Graph Optimization and Output
After basic plotting, a series of configuration commands can enhance the readability and aesthetics of the graph:
plt.xlabel("x values")
plt.ylabel("Probability Density f(x)")
plt.title("Comparison of 1-Dimensional Gaussian Distribution Functions")
plt.legend()
plt.grid(True, linestyle="--", alpha=0.5)
plt.show()
These settings add axis labels, a title, a legend, and grid lines, with the alpha parameter controlling grid transparency to avoid visual clutter. Finally, calling plt.show() opens a window displaying the graph, or users can save it as an image file using plt.savefig("gaussian_plot.png").
Alternative Approach: Using the scipy.stats Library
Beyond manual implementation, Python's scipy.stats module offers built-in normal distribution objects, simplifying code and improving computational efficiency. The following example demonstrates how to use this library to generate the same graph:
from scipy.stats import norm
import matplotlib.pyplot as plt
import numpy as np
x = np.linspace(-10, 10, 1000)
distributions = [
norm(loc=-1, scale=1),
norm(loc=0, scale=2),
norm(loc=2, scale=3)
]
for dist in distributions:
plt.plot(x, dist.pdf(x), label=f"μ={dist.mean():.1f}, σ={dist.std():.1f}")
plt.legend()
plt.grid(True)
plt.show()
Here, the norm class directly encapsulates statistical properties of the Gaussian distribution, with loc and scale parameters corresponding to μ and σ, respectively. The pdf method automatically computes the probability density, bypassing manual formula derivation. This method is more suitable for scenarios requiring advanced statistical features (e.g., cumulative distribution, random sampling), but the custom function approach better facilitates understanding of underlying mathematical principles.

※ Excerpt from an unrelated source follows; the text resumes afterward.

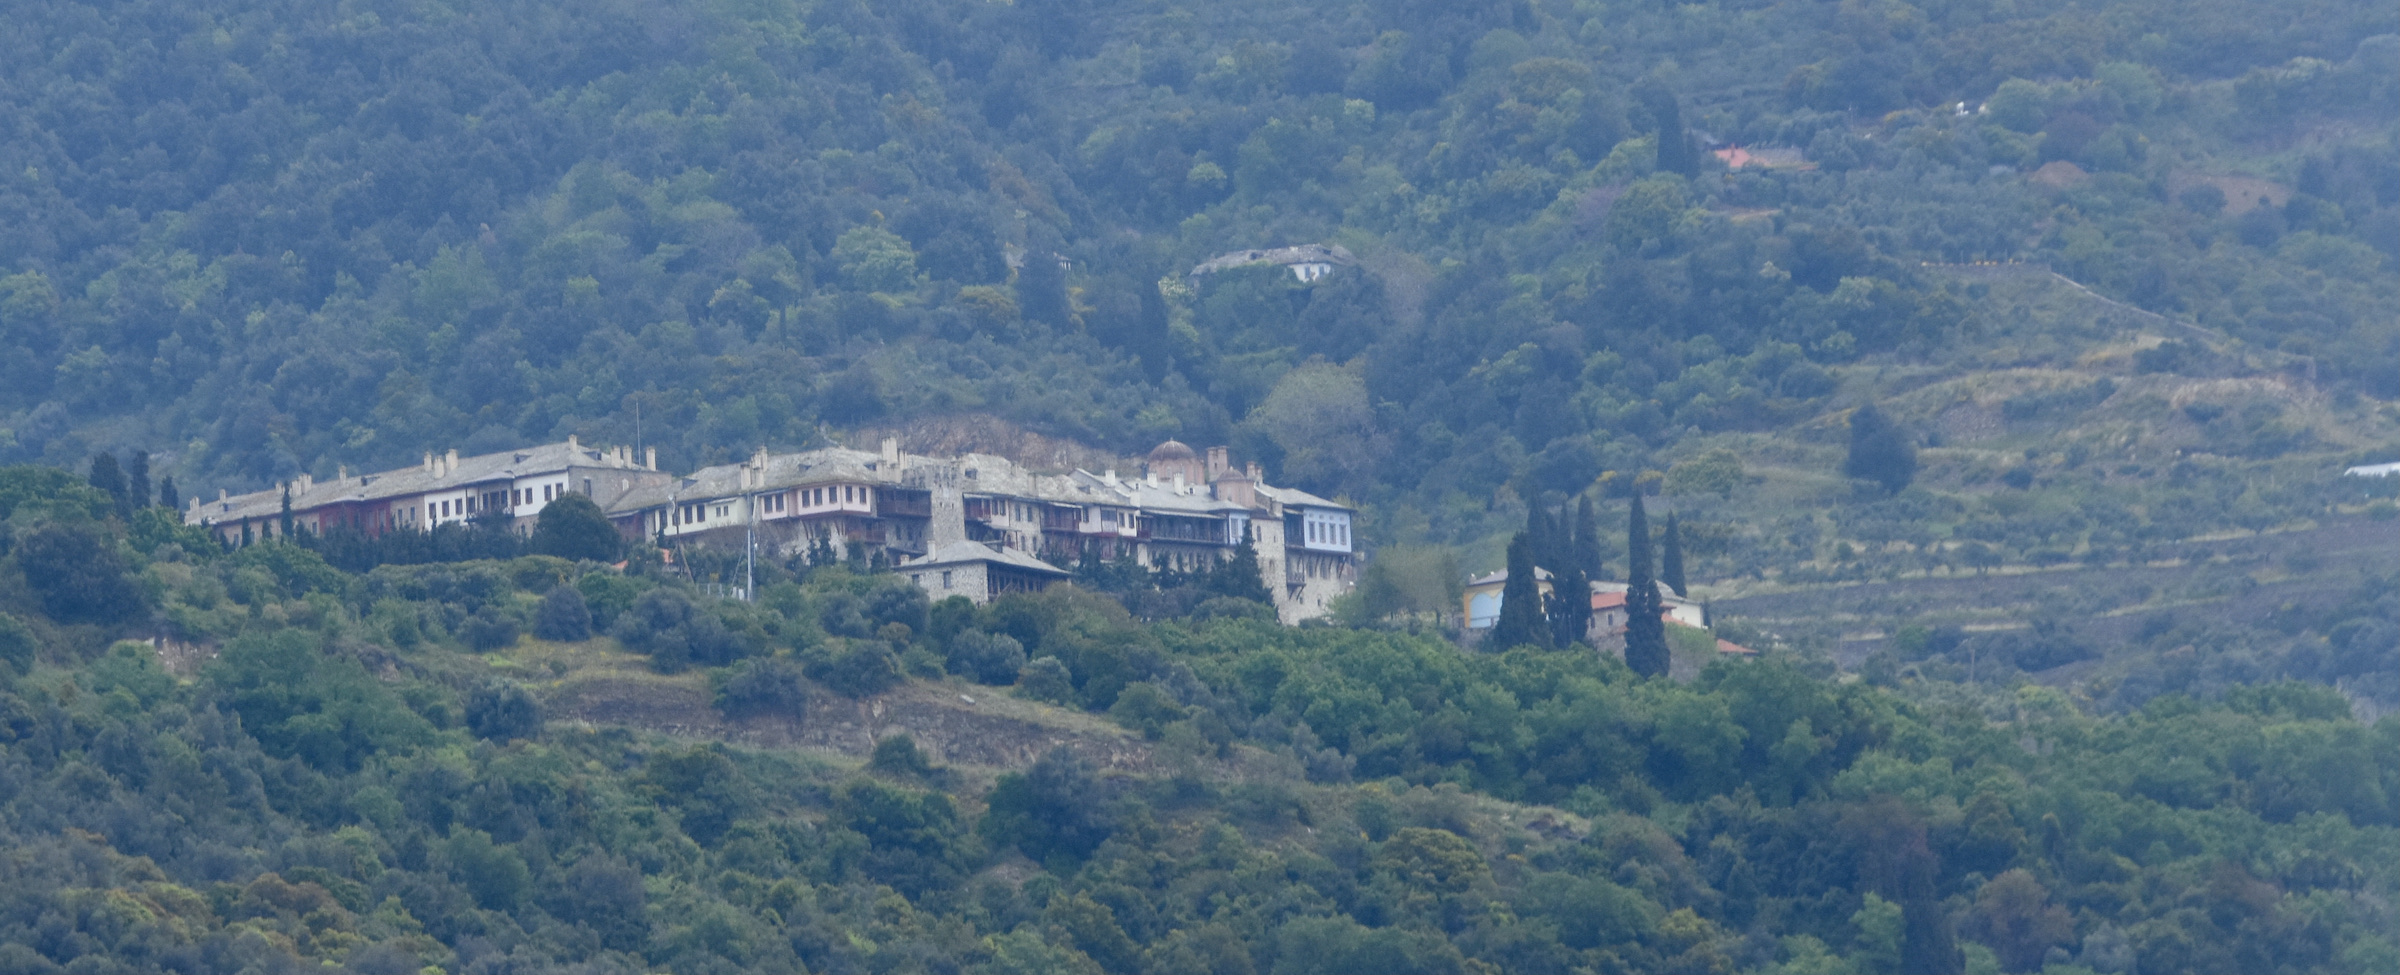 Xiropotamou Monastery, Mount Athos

Summary of Core Concepts and Extension Suggestions
This article demonstrates the complete process of Gaussian distribution visualization through concrete examples, with key steps including: understanding the mathematical formula, defining the computation function, generating data points, iterating over multiple parameters, and optimizing graph output. For beginners, it is recommended to start with custom functions to solidify fundamentals before exploring advanced libraries like scipy. In extended applications, one can experiment with adjusting the x-range to observe curve variations or overlay more parameter combinations for comparative analysis. Additionally, fitting Gaussian distributions to real-world datasets (e.g., height, test scores) can further deepen understanding of statistical modeling.